SEHEN, NICHT WISSEN Für tiefgreifende Diskussionen ist ein Mittelweg zwischen Vorgabe und Streuung, zwischen Erleben und Reflektieren notwendig. Mit der Entwicklung der Personal Computer in den 1980er-Jahren entstand erstmals die Möglichkeit, Medien nicht nur abzuspielen, sondern auch bewusst und gezielt zu beeinflussen. Kaum konnte Text auf einem Bildschirm dargestellt werden, entstanden Erzählungen, in die die Anwendenden interaktiv eingreifen konnten. Textadventure wie Colossal Cave Adventure oder Zork dachten interaktive Bücher wie die Choose Your Own Adventure-Serie konsequent weiter.17 Aus diesen bescheidenen Anfängen entwickelte sich eine neue interaktive Ausdrucksform, die heute als „Computerspiele“ bezeichnet werden.

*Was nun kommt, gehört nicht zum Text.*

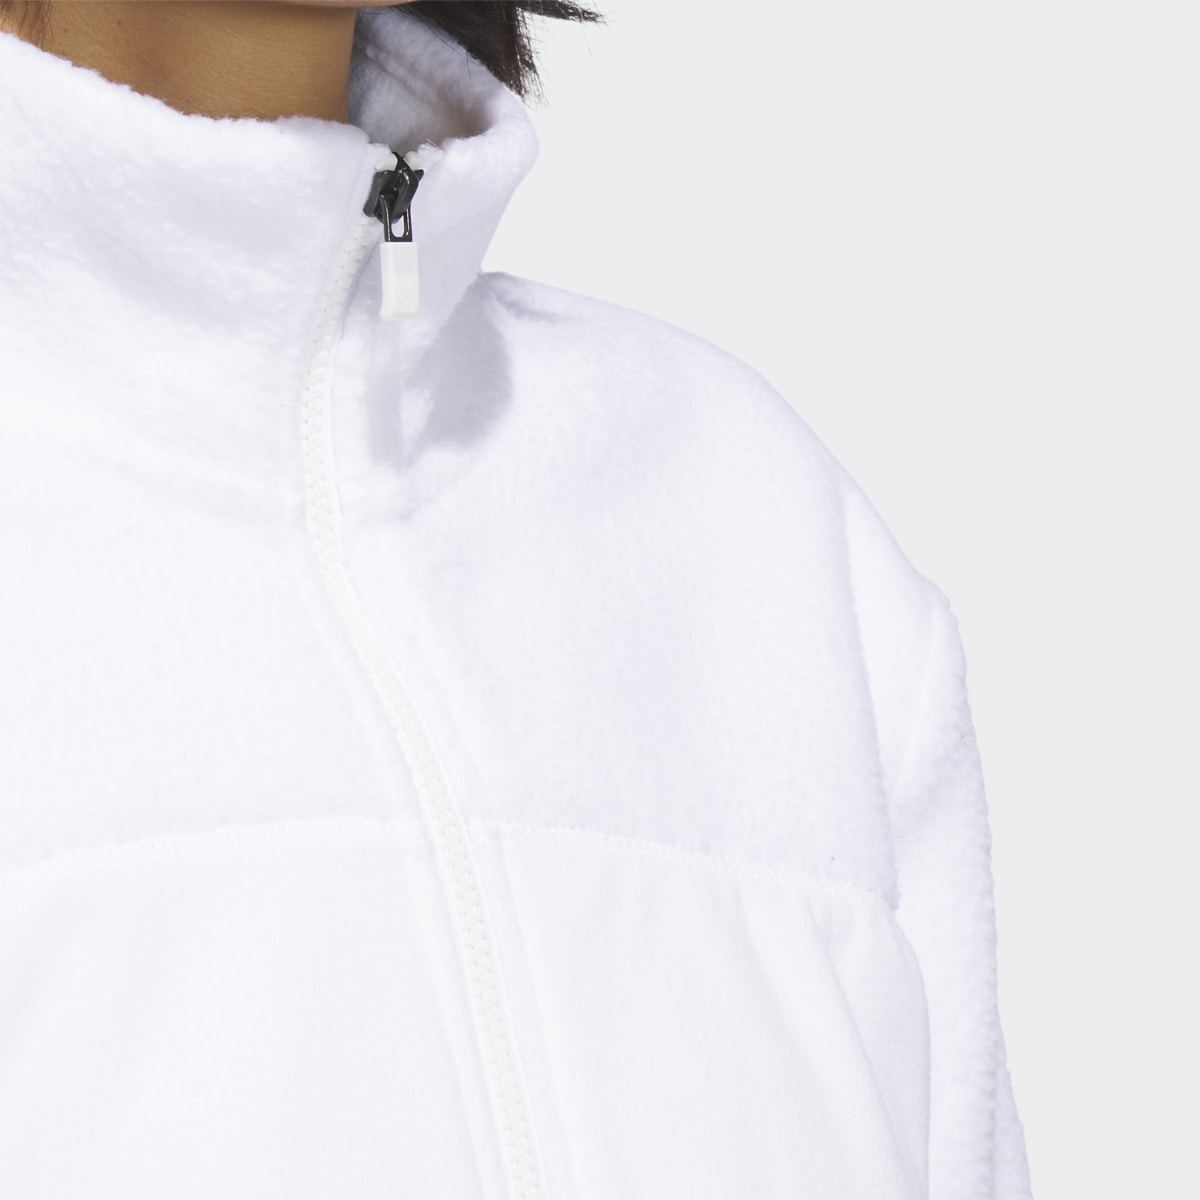 Adidas Full-Zip Fleece Jacket. 8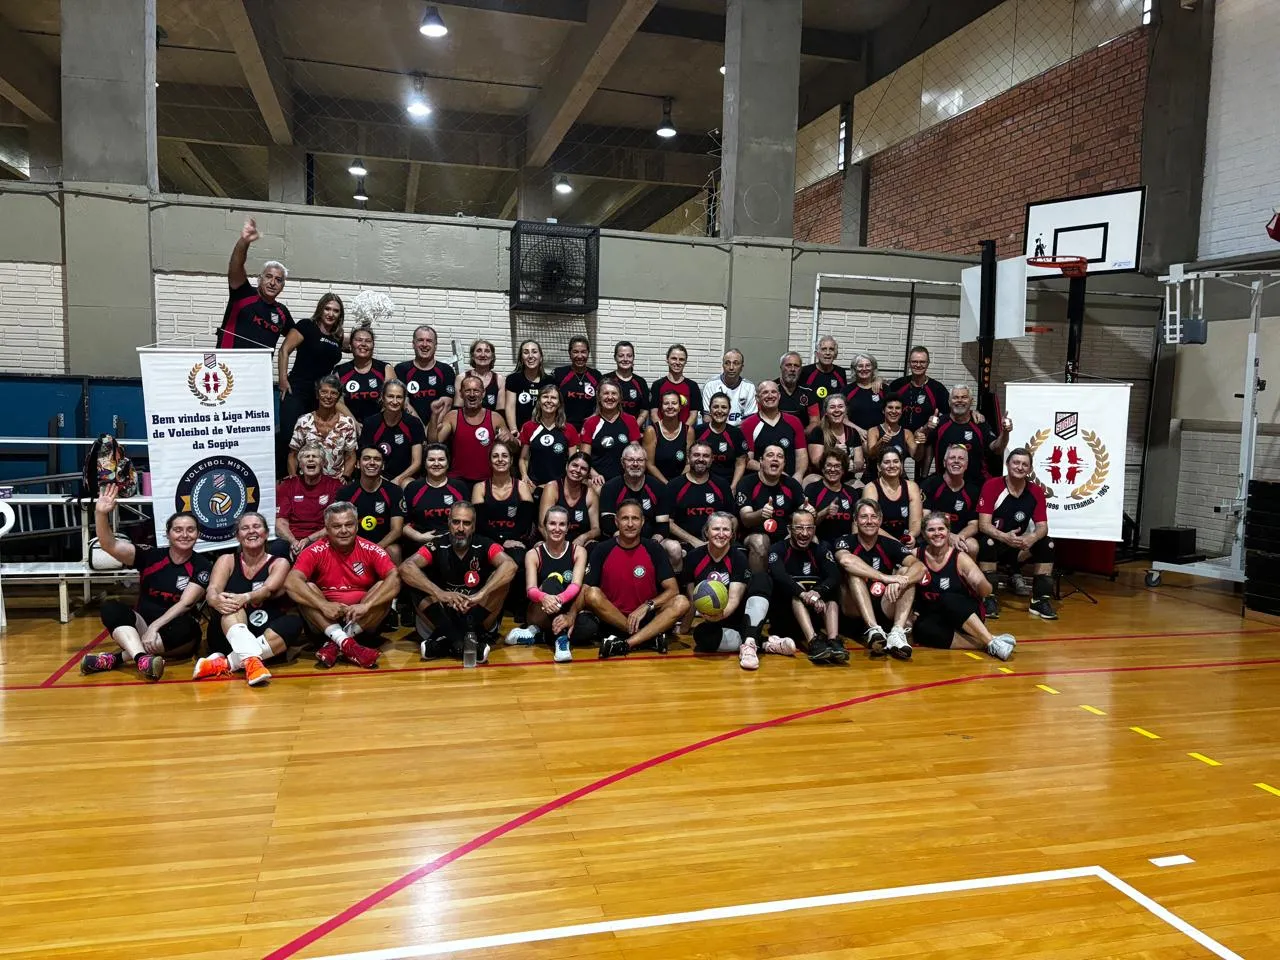 Mais de 40 associados participam da primeira etapa da Liga Mista de Voleibol de Veteranos, realizada no ltimo sbado

In Computerspielen dienen die traditionellen Erzählebenen als Zielvorgaben. Die Narrative befindet sich zwischen den interaktiven Spielelementen, zwischen den Spielenden und deren Aufgaben; sie bilden einen Rahmen für die interaktive Ebene. Jeder interaktive Abschnitt, jedes Level ist ein Spielfeld gefüllt mit Hindernissen, Aufgaben und Rätseln, welche die Spielenden gemäß den Spielregeln zu meistern haben.

17 Vgl. C. Grayling: A Brief History of Adventure Games, § 4.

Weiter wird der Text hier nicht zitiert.